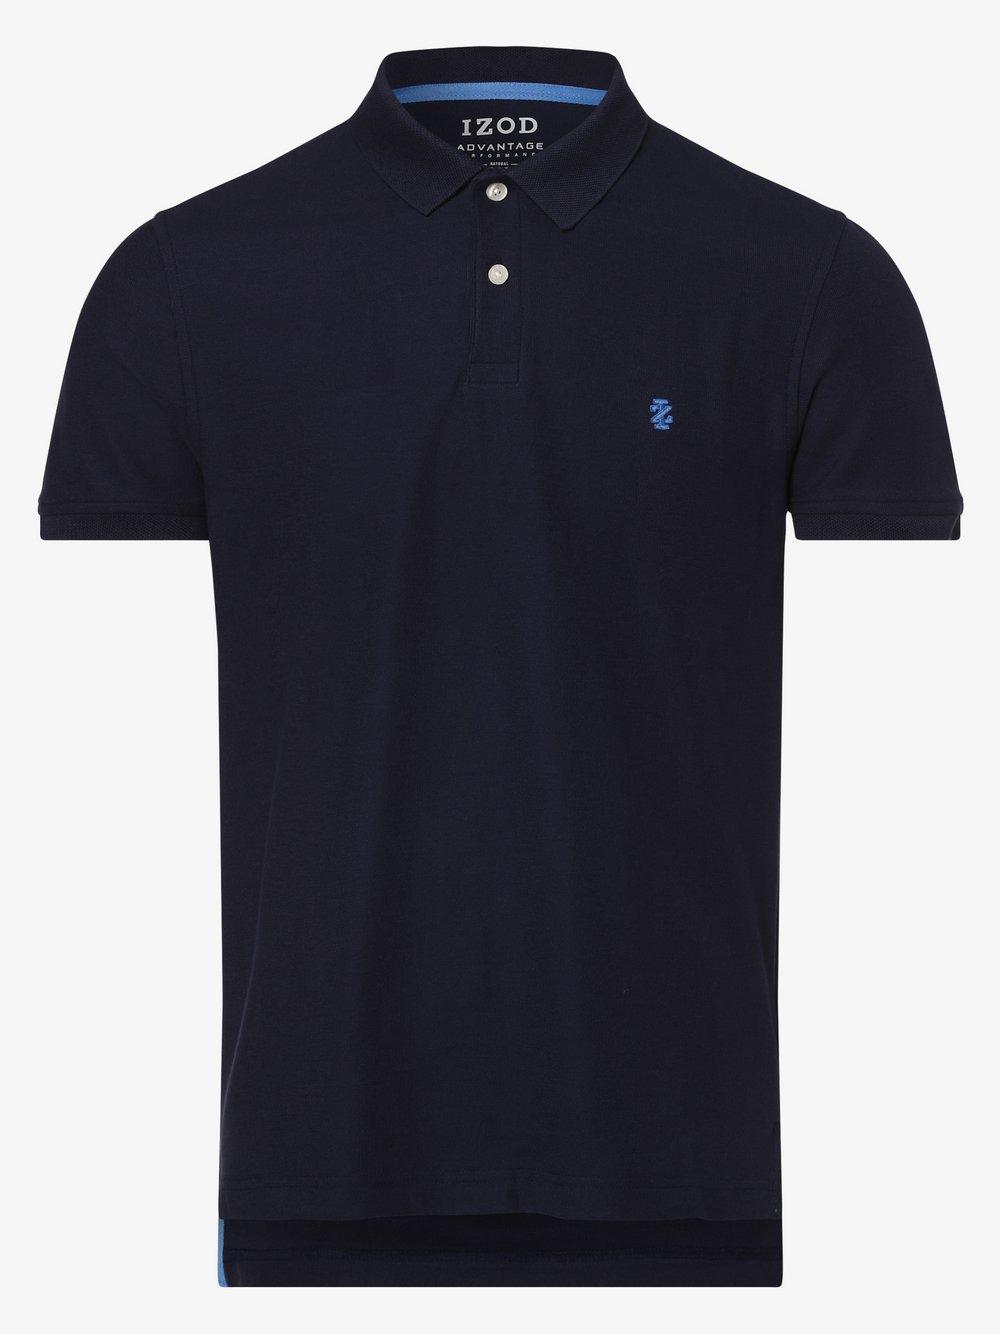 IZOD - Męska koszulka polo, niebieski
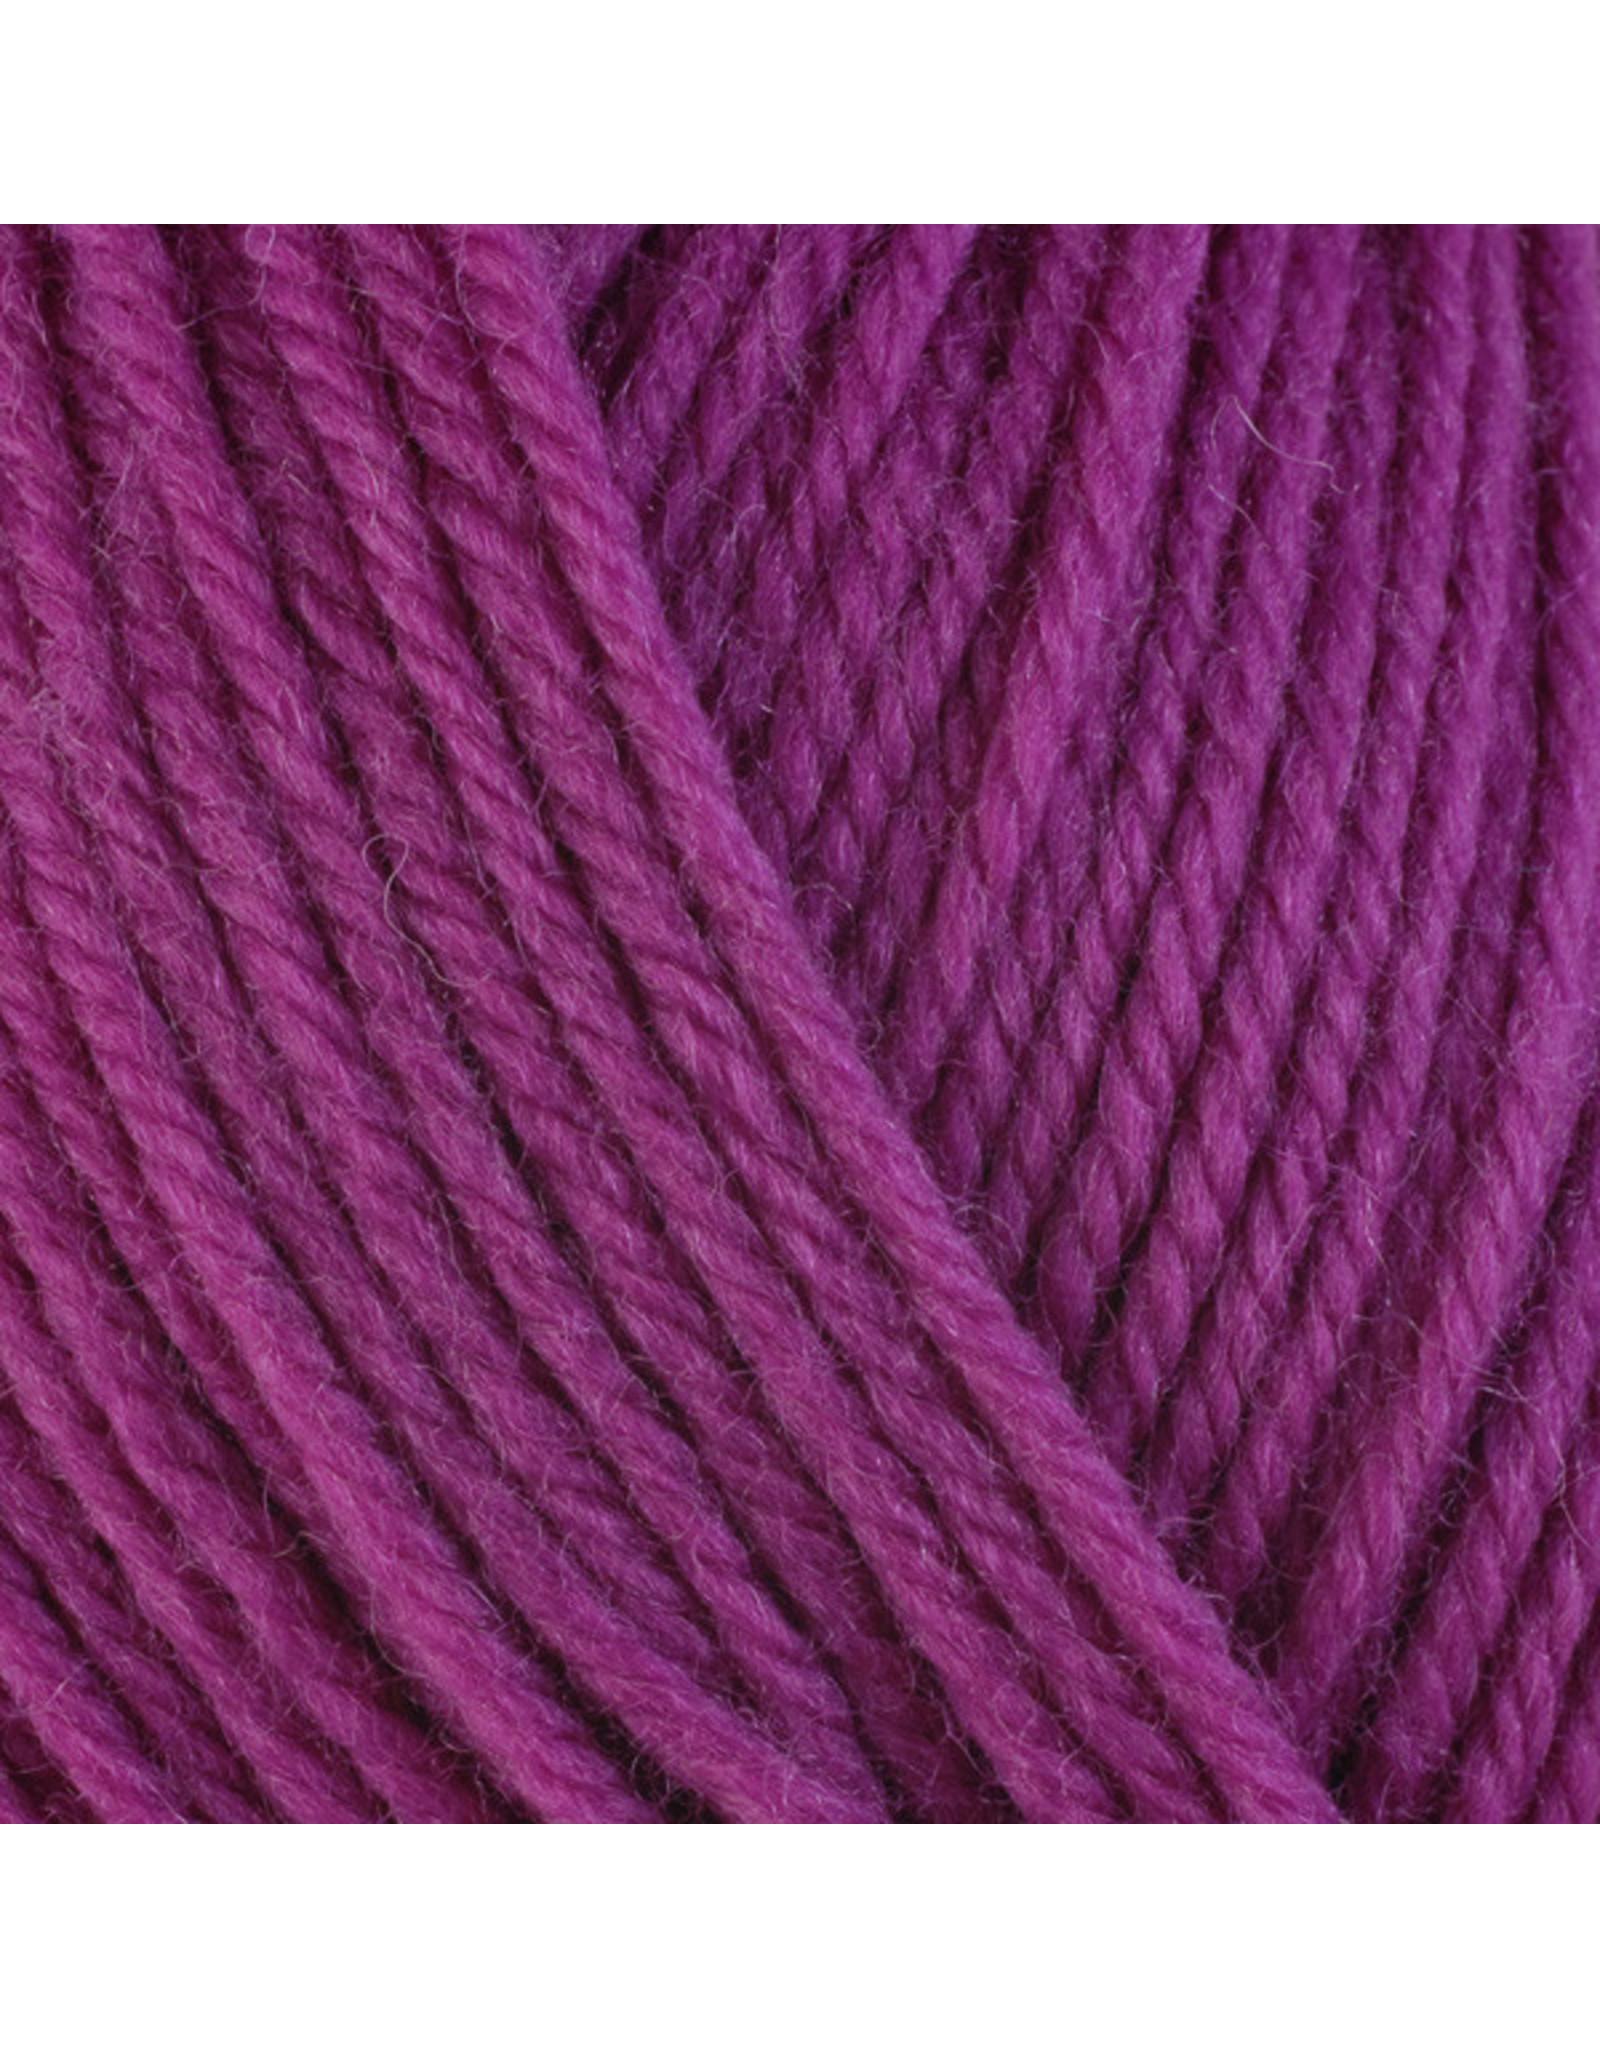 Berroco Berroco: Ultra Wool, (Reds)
--
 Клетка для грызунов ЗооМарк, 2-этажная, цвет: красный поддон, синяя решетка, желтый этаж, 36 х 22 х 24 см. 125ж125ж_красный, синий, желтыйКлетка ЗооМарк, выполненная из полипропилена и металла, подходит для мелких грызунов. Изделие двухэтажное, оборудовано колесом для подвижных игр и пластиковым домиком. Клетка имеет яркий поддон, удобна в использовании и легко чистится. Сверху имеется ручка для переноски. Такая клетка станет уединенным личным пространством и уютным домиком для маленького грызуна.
---
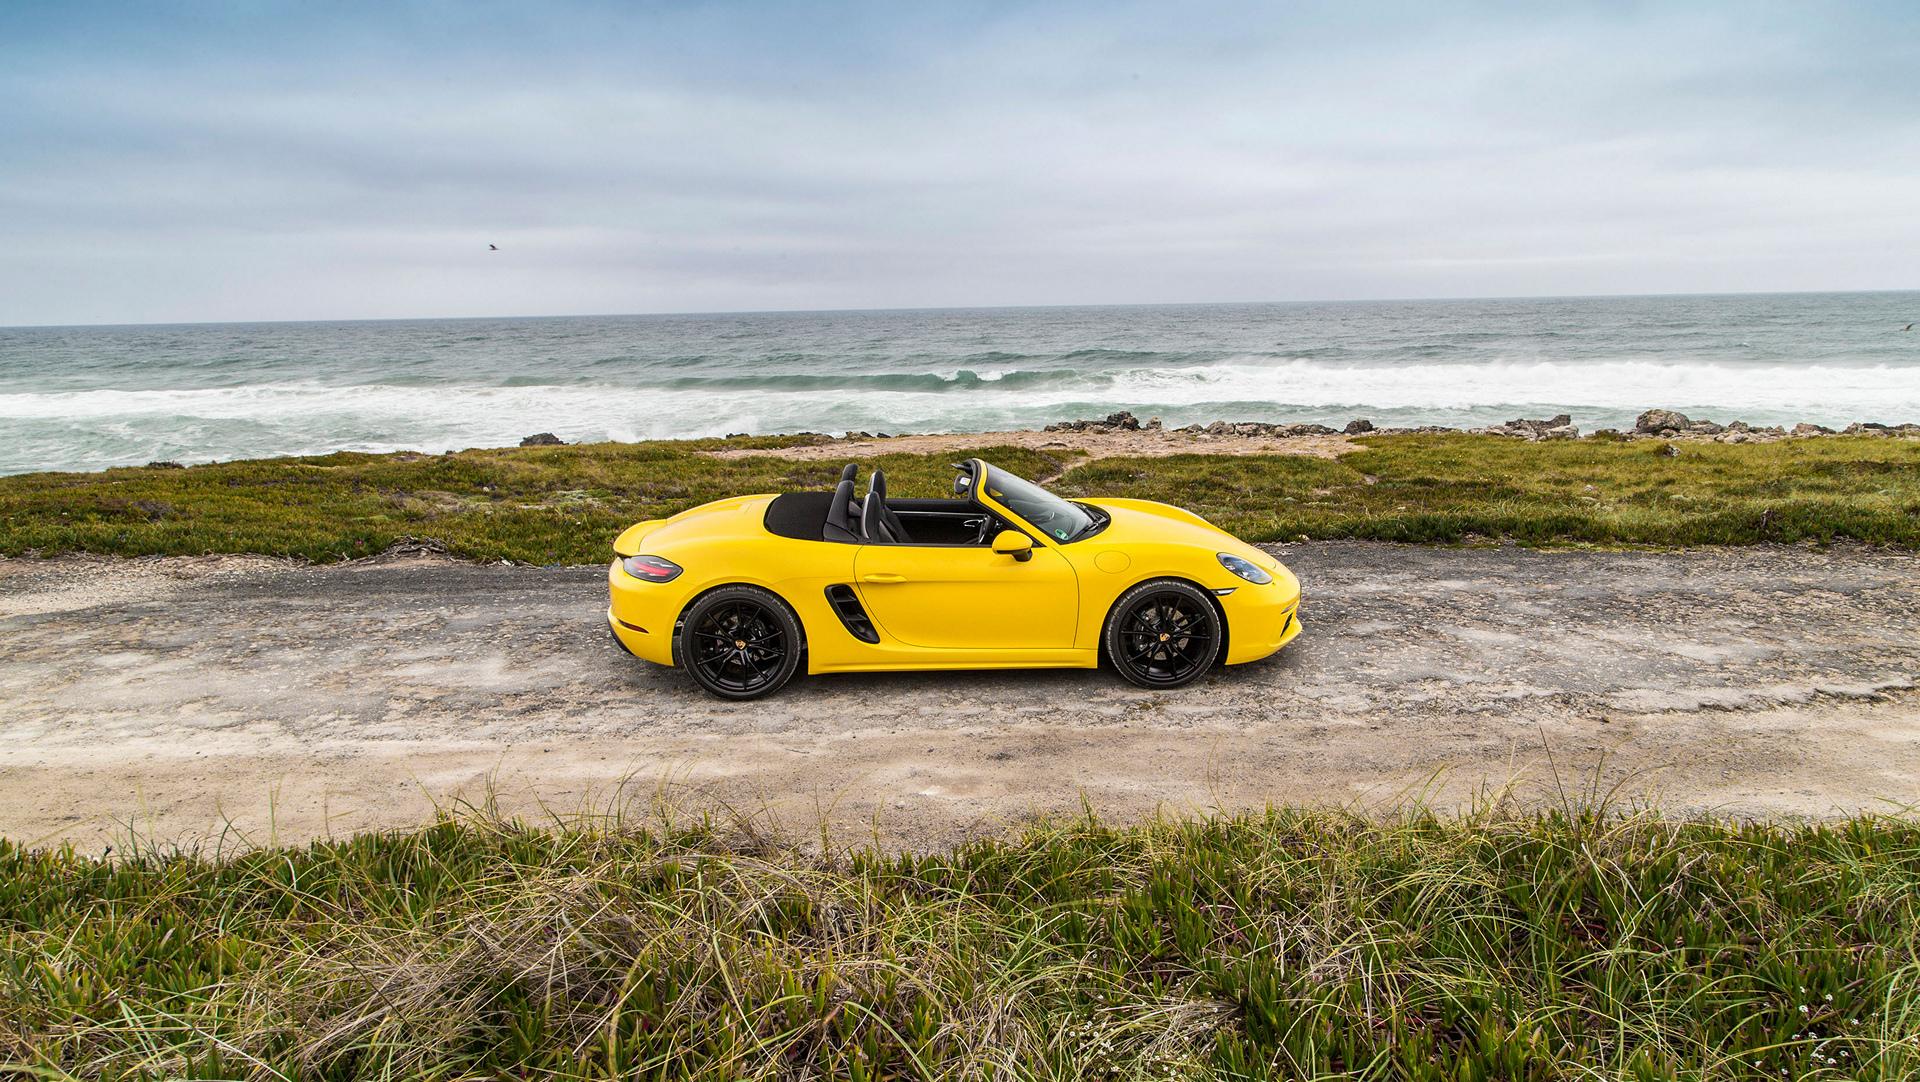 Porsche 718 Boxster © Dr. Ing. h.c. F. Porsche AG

Problem description = Return only the stretch above from the line containing "IZOD - Męska koszulka polo, niebieski" through the line containing "Berroco Berroco: Ultra Wool, (Reds)", word for word and without pictures.

Response area =
 IZOD - Męska koszulka polo, niebieski
 Berroco Berroco: Ultra Wool, (Reds)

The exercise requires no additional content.